▸ Data excerpt:
►

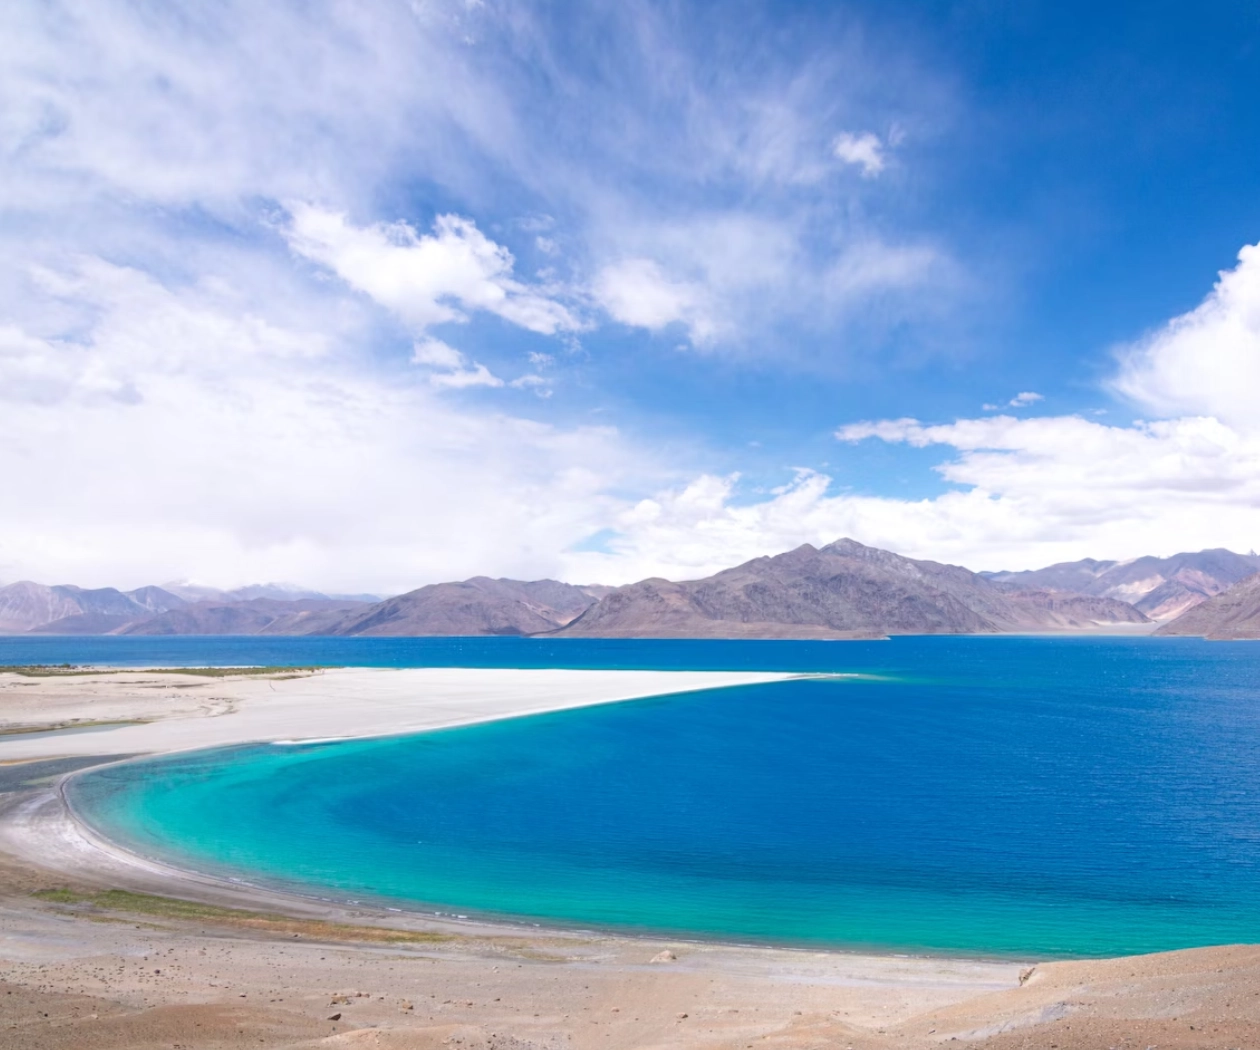 Pangong lake, Ladakh unveiled
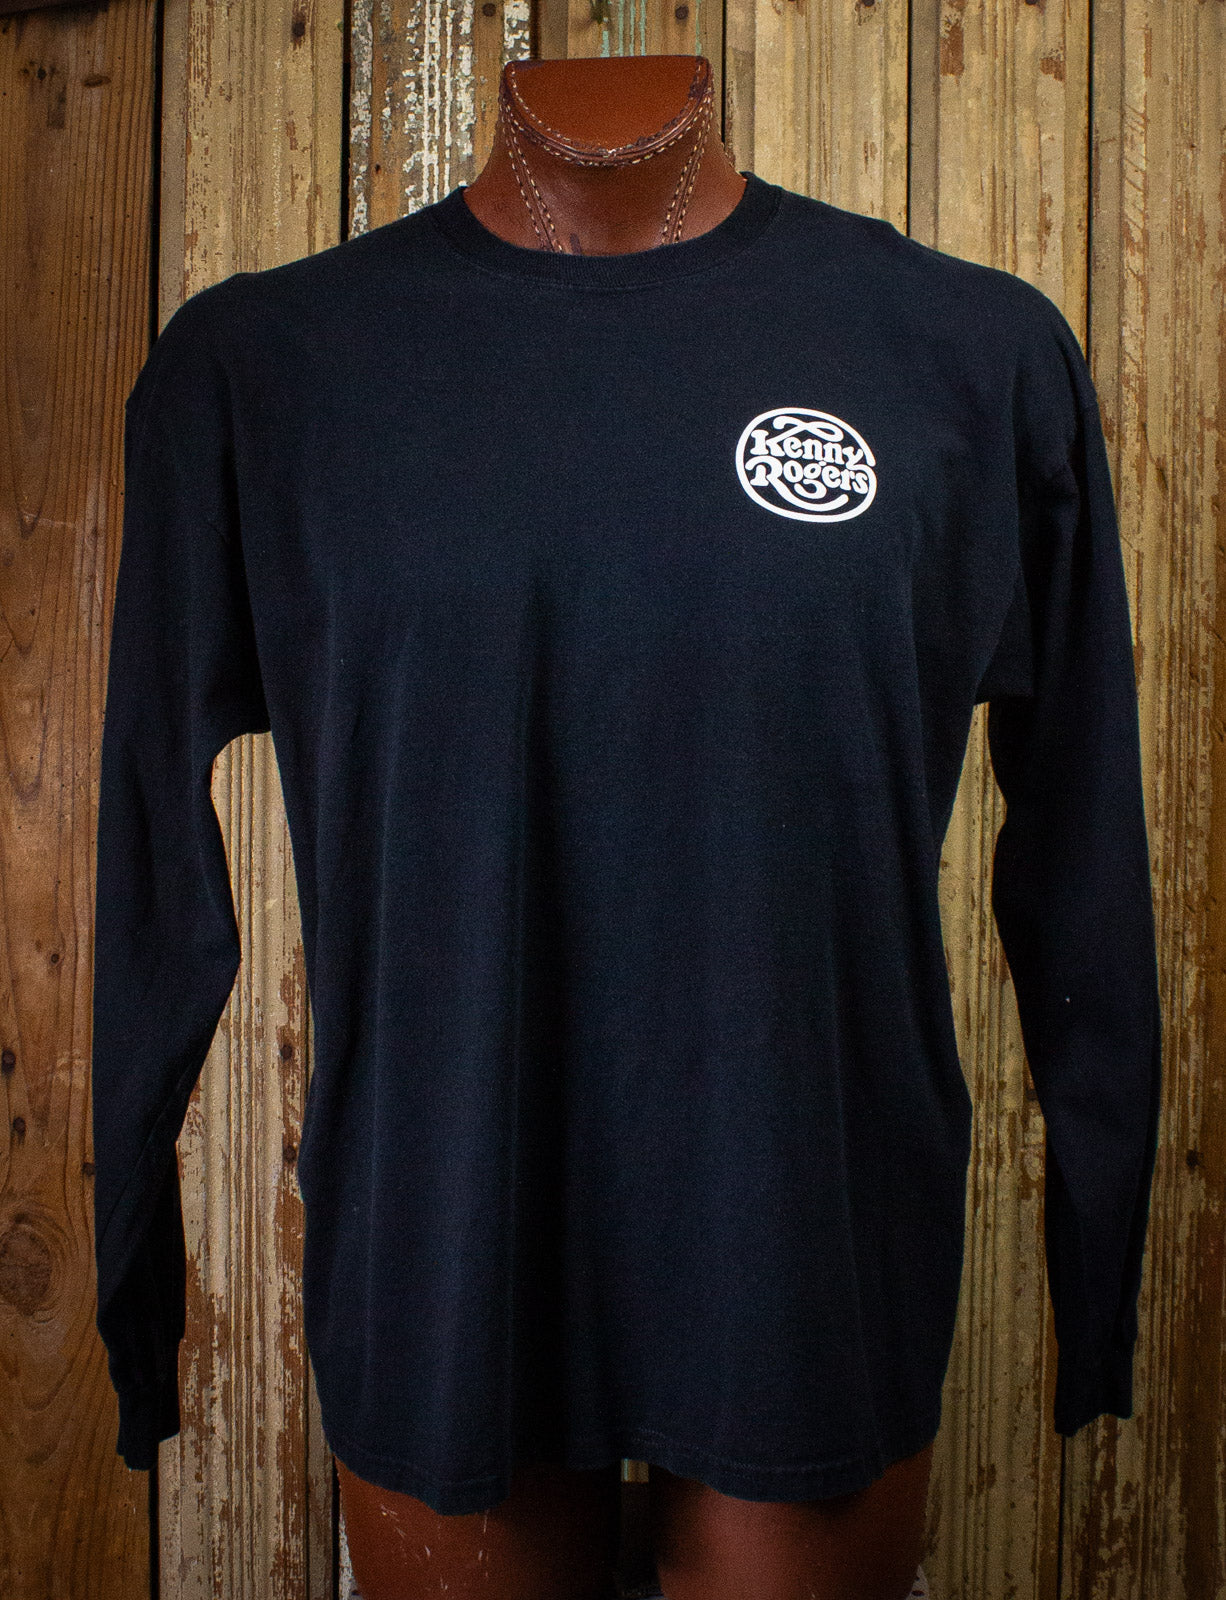 Vintage Kenny Rogers Metter Racing Concert T Shirt 90s Black XL
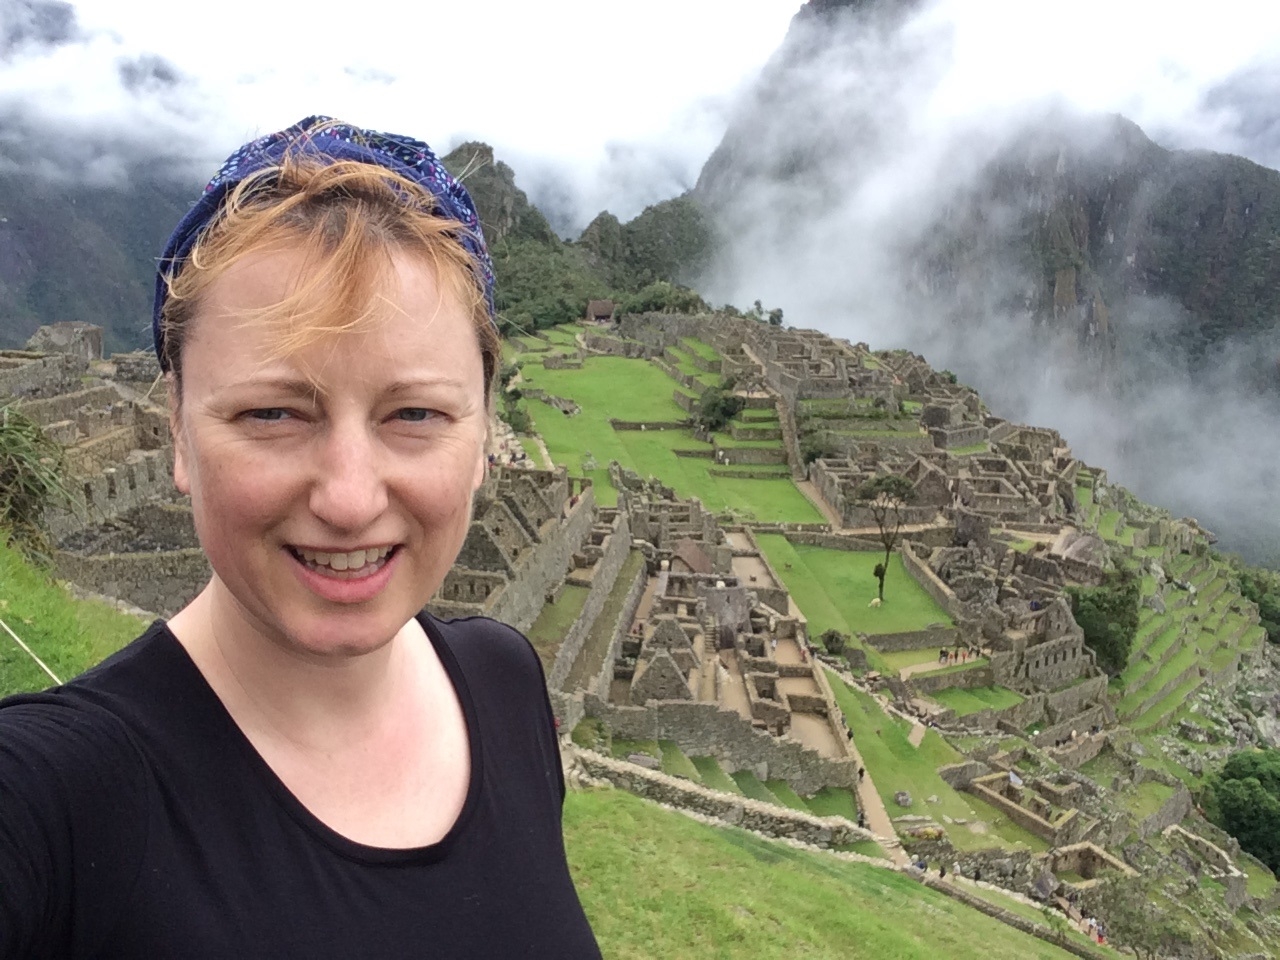 trekking the Inca Trail to Machu Picchu

◄

▸ What needs to be done: From the material above, output every line exactly as written, dropping any picture.

▸ Solution to the exercise:
 Pangong lake, Ladakh unveiled
 Vintage Kenny Rogers Metter Racing Concert T Shirt 90s Black XL
 trekking the Inca Trail to Machu Picchu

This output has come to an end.